Yes. See https://github.com/congo-cc/congo-parser-generator/blob/main/src/templates/java/Node.java.ftl#L844-L933

Note also that if there is more than one visit method that could, in principle handle a node, it takes the more specific handler. So, if you have Delimiter that subclasses Token, then if there is both:

     void visit(Token t) {...}

and:

      void visit(Delimiter d) {...}

it will call the second method on a Delimiter. But if that handler was not present it would just call the one for Token. So it's actually a much more powerful, elegant disposition than the one you are used to, I think.

palexdev The FQN rule ends up consuming the whole foo.bar.BazClass.call string, but call should be part of Method because it is followed by the parentheses.

Oh, I see... I guess you're a bit confused about the relationship between the lexical and syntactic parts of the grammar. Let's see... in principle, these are two separate machines that don't really know anything about each other. But the lexical machine is lower level. That's what is operating first. So it is partitioning the input into tokens, that's what the "lexer" does, and the "parser" consumes those tokens and matches them to the grammar rules (or productions...). But if the lexer is already breaking up the input in that way and then the parser sees the stream of tokens that it sees... well, hopefully you see my point. Actually, the confusion between what the lexer and the parser does is probably about the most basic newbie conceptual confusion in terms of using this sort of tool. Once you clear that up, you'll have come a significant way.
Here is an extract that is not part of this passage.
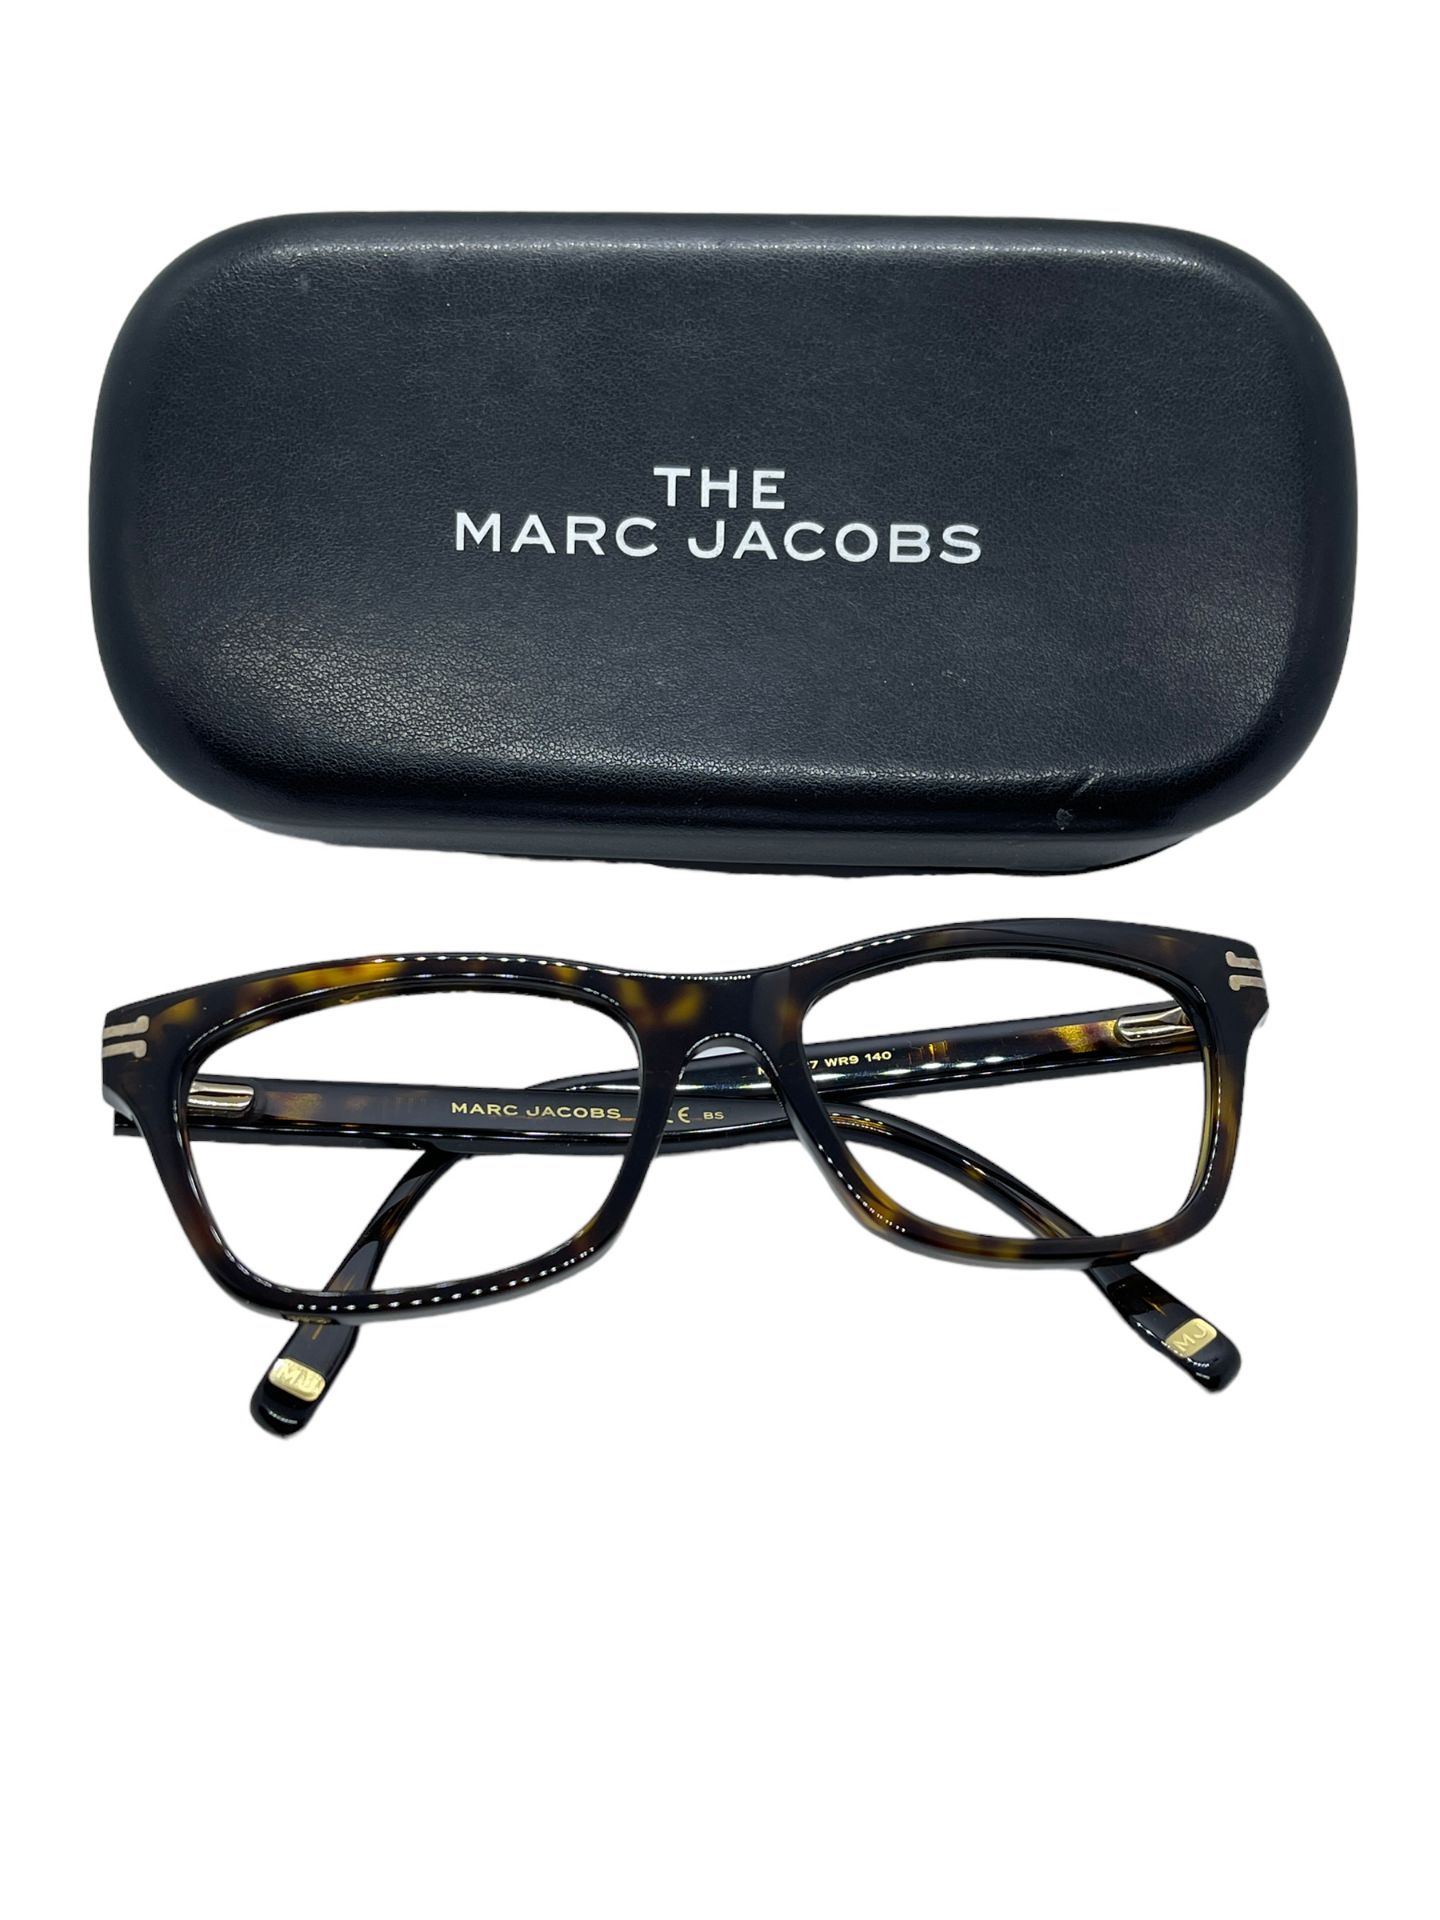 Marc Jacob's new spectacles mens.

So, getting back to your issue, once you've defined a lexical rule that is <IDENTIFIER>(<DOT><IDENTIFIER>)* that rule is going to gobble as much input as it can (that's called "greedy matching"). So your foo.bar.BazClass.call is going to be a single FQN token and that is what your parser will see.

Almost certainly what you need is to handle this on the syntactic level, not the lexical level. Of course, the other problem with the way you have done this with the FQN token is that you would probably need the thing to handle whitespace (and comments too) because, on occasion, somebody would want to write:

                foo
                .bar
                .bazClass
                .call(...)

Typically whitespace and comments would be possible. You could maybe specify this within a lexical rule, but it gets very very messy, I would say, and the normal way to handle this would be at the syntactic level, not the lexical level.
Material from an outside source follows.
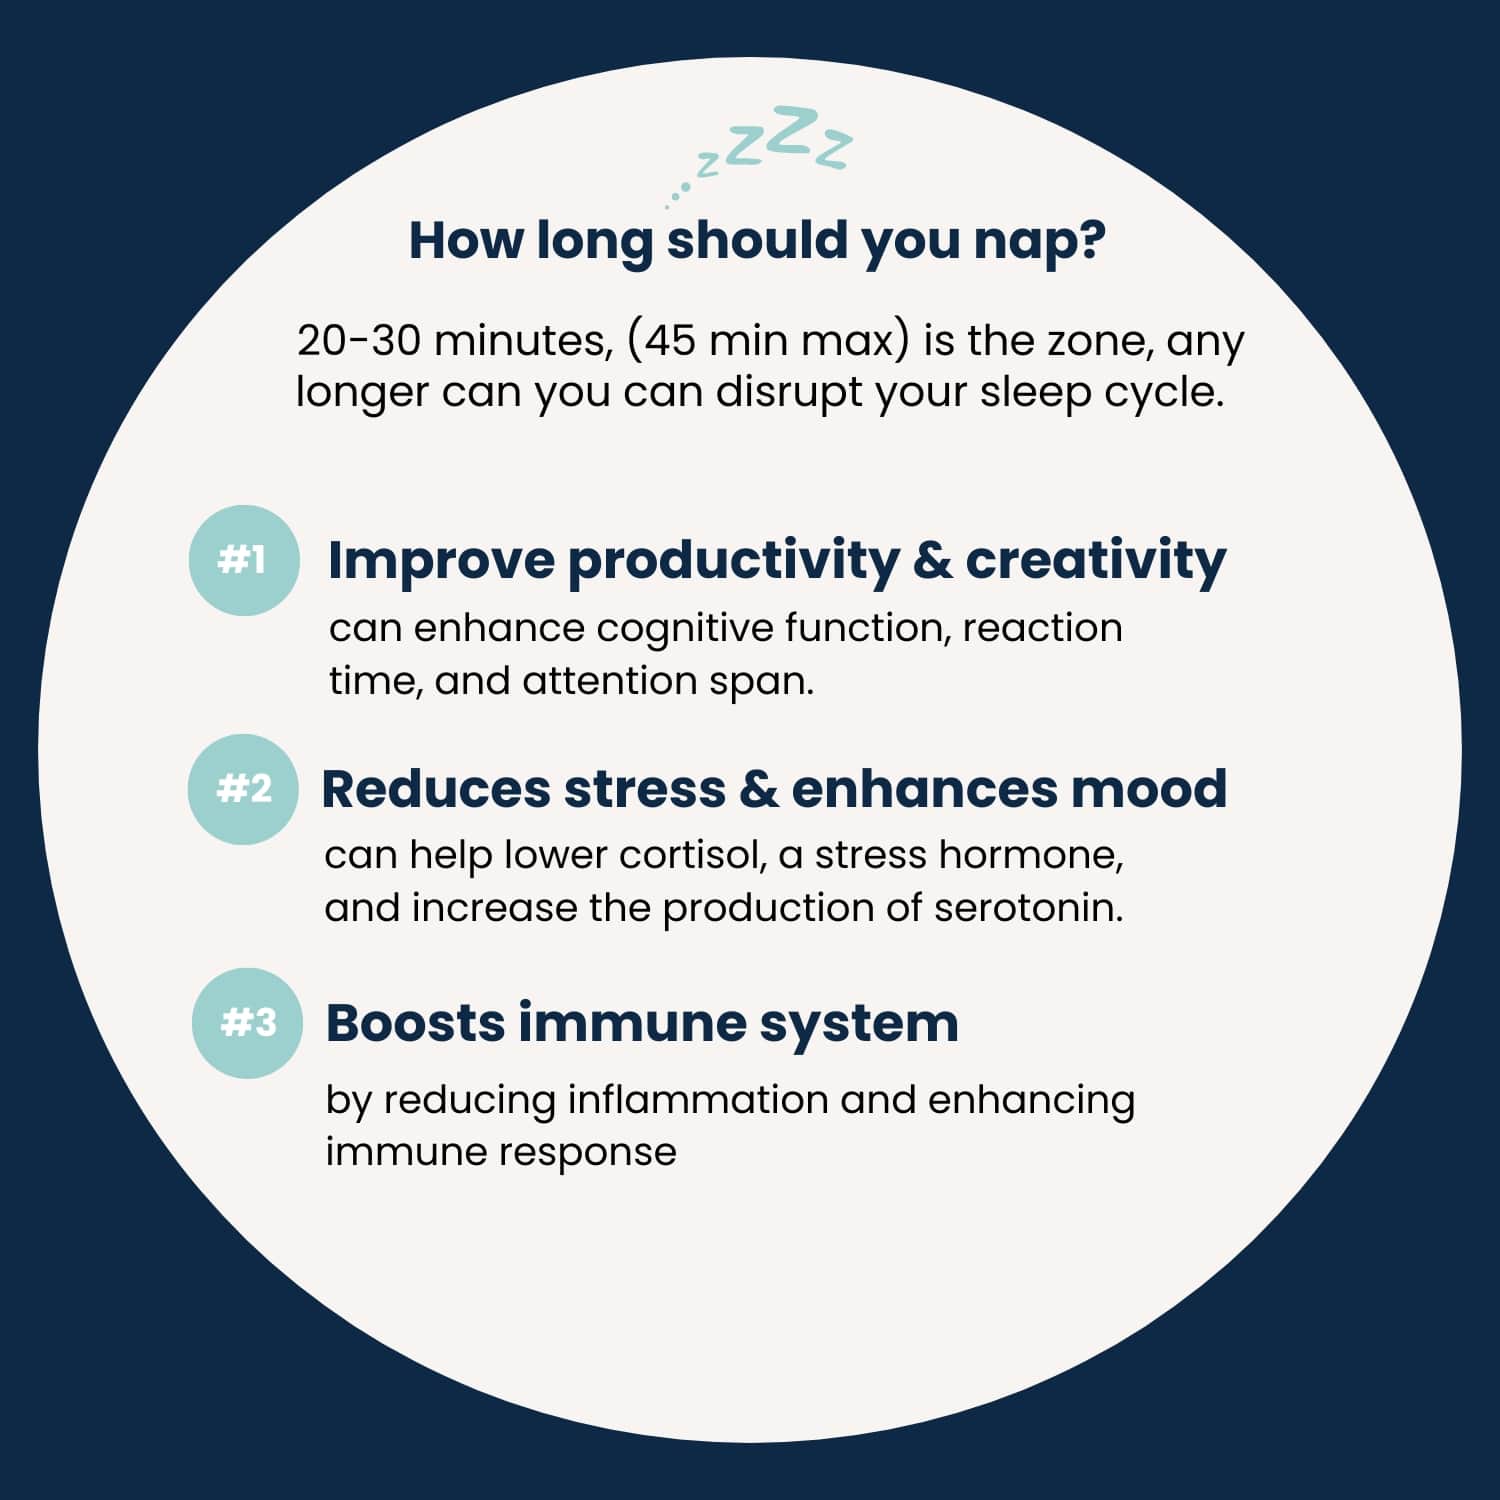 Infographic detailing optimal nap duration for health with benefits listed: 20-30 minutes recommended for enhancing productivity and creativity, reducing stress, improving mood, and boosting the immune system.

But aside from all that, maybe you would do well to make a careful study of the existing grammars under the examples/ directory. For example, consider the QualifiedIdentifier production in the C# grammar here: https://github.com/congo-cc/congo-parser-generator/blob/main/examples/csharp/CSharp.ccc#L73-L75

and you could look at the spots where it is used. Or the DottedName production in the Python grammar here: https://github.com/congo-cc/congo-parser-generator/blob/main/examples/python/Python.ccc#L195

Well, for example, if we look at the DottedName production from the Python grammar, we see:

          DottedName : <NAME> (<DOT> <NAME> =>||)* ;

The up-to-here =>|| means, by the way, that it actually scans ahead to this point when deciding whether to consume another iteration of the loop, i.e. it checks whether the next token is a <DOT> and the one after that is a <NAME>, right? The equivalent C# production does not check that in this spot, subtle difference.

But, let's suppose we also don't want to tack on the <DOT><NAME> if the token after <NAME> is an opening parenthesis, like for a method call. We could write that as:

        DottedName : <Name> (<DOT> <NAME> ENSURE ~(<LPAREN>) =>||)* ;

So we need a <DOT> and a <NAME> and also that the next token is not an opening parenthesis.

So with that production, we could write:

        MethodCall : DottedName <DOT> <NAME> Args ;

and that might be more on track to doing what you want. But you see, above, we write the DottedName production so that in foo.bar.BazClass.call(...) it stops gobbling input after BazClass because the next three tokens are <DOT><NAME><LPAREN>.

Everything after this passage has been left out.